For collections of independent random variables, the Chernoff bound and related bounds give us very sharp concentration inequalities --- if $X_1,\ldots,X_n$ are independent, then their sum has a distribution that decays like $e^{-x^2}$. For random variables that are only pairwise independent, the strongest bound we have is Chebyshev's inequality, which says that their sum decays like $\frac{1}{x^2}$.

The point of this post is to construct an equality case for Chebyshev: a collection of pairwise independent random variables whose sum does not satisfy the concentration bound of Chernoff, and instead decays like $\frac{1}{x^2}$.

The construction is as follows: let $X_1,\ldots,X_d$ be independent binary random variables, and for any $S \subset \{1,\ldots,d\}$, let $Y_S = \sum_{i \in S} X_i$, where the sum is taken mod 2. Then we can easily check that the $Y_S$ are pairwise independent.
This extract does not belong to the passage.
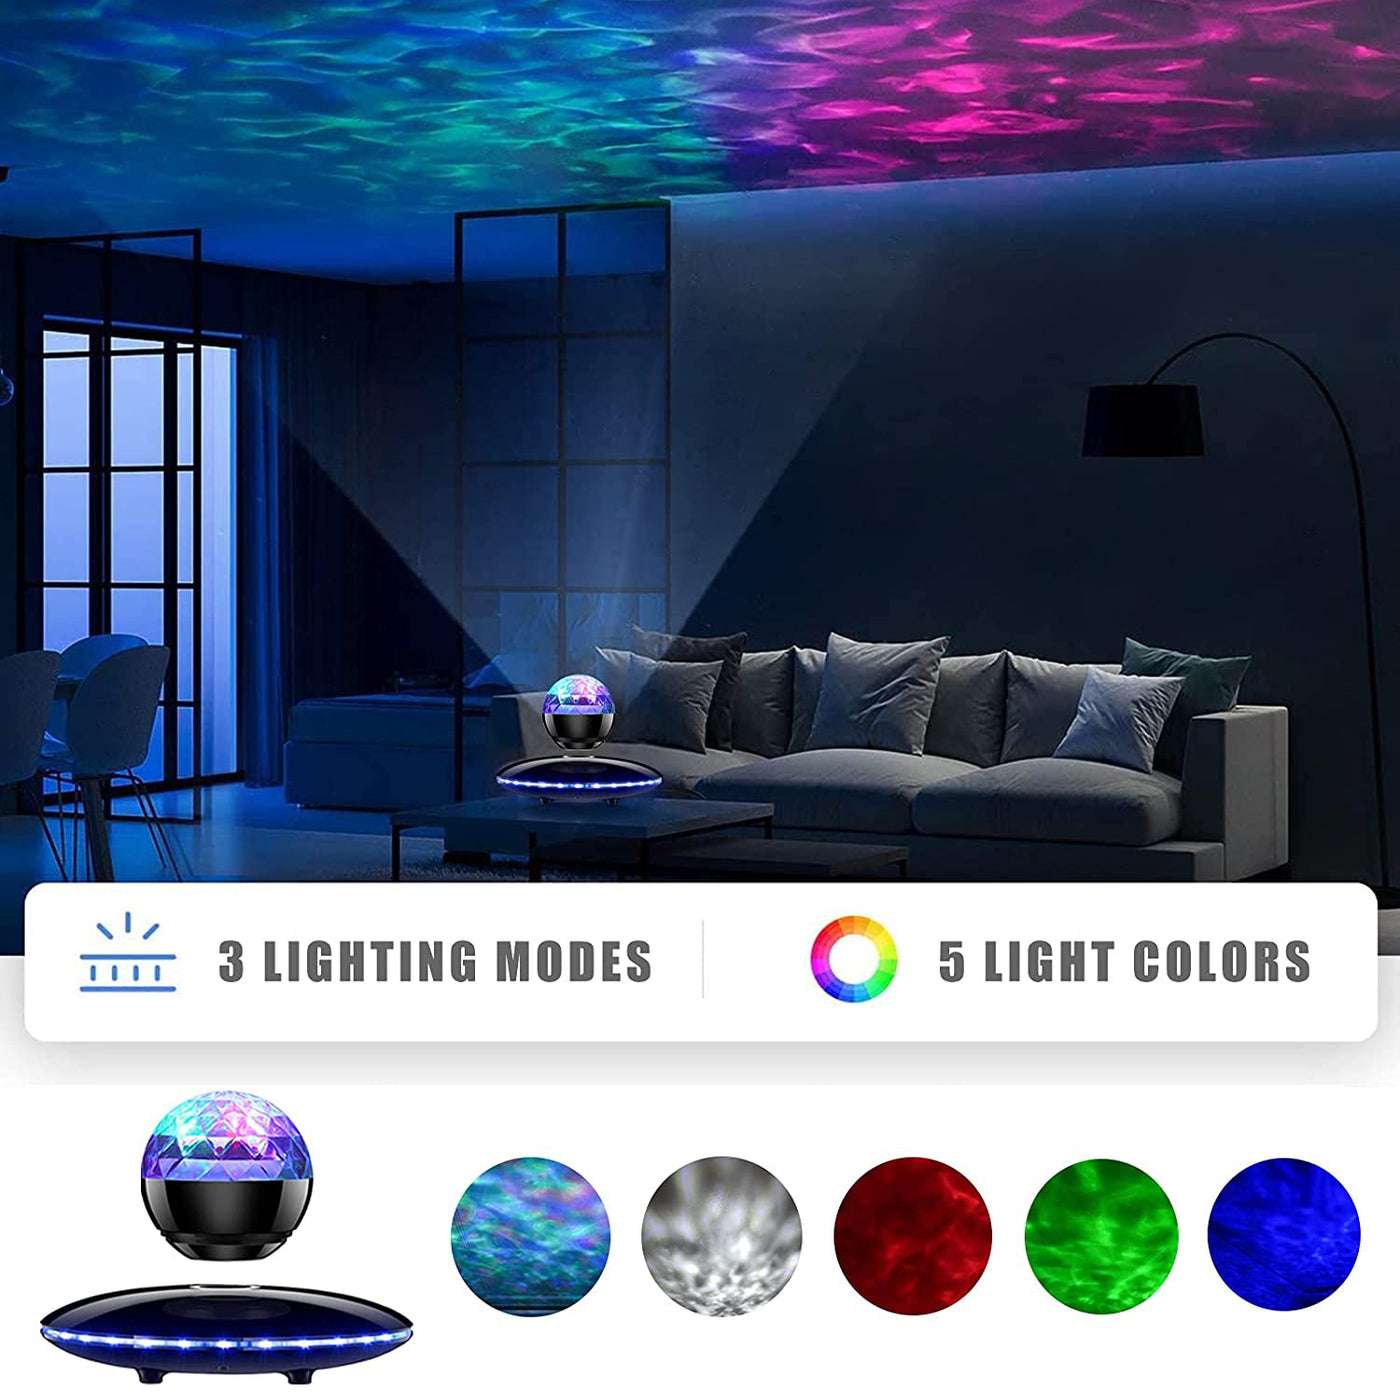 LANGTU Magnetic Levitating Party Neon Bluetooth Wireless Floating Speaker

Now consider the random variable $Z = \sum_{S} Y_S$. If any of the $X_i$ is equal to 1, then we can pair up the $Y_S$ by either adding or removing $i$ from $S$ to get the other element of the pair. If we do this, we see that $Z = 2^{d-1}$ in this case. On the other hand, if all of the $X_i$ are equal to 0, then $Z = 0$ as well. Thus, with probability $\frac{1}{2^d}$, $Z$ deviates from its mean by $2^{d-1}-\frac{1}{2}$, whereas the variance of $Z$ is $2^{d-2}-\frac{1}{4}$. The bound on this probability form Chebyshev is $\frac{2^{d-2}-1/4}{(2^{d-1}-1/2)^2}$, which is very close to $\frac{1}{2^d}$, so this constitutes something very close to the Chebyshev equality case.

Anyways, I just thought this was a cool example that demonstrates the difference between pairwise and full independence.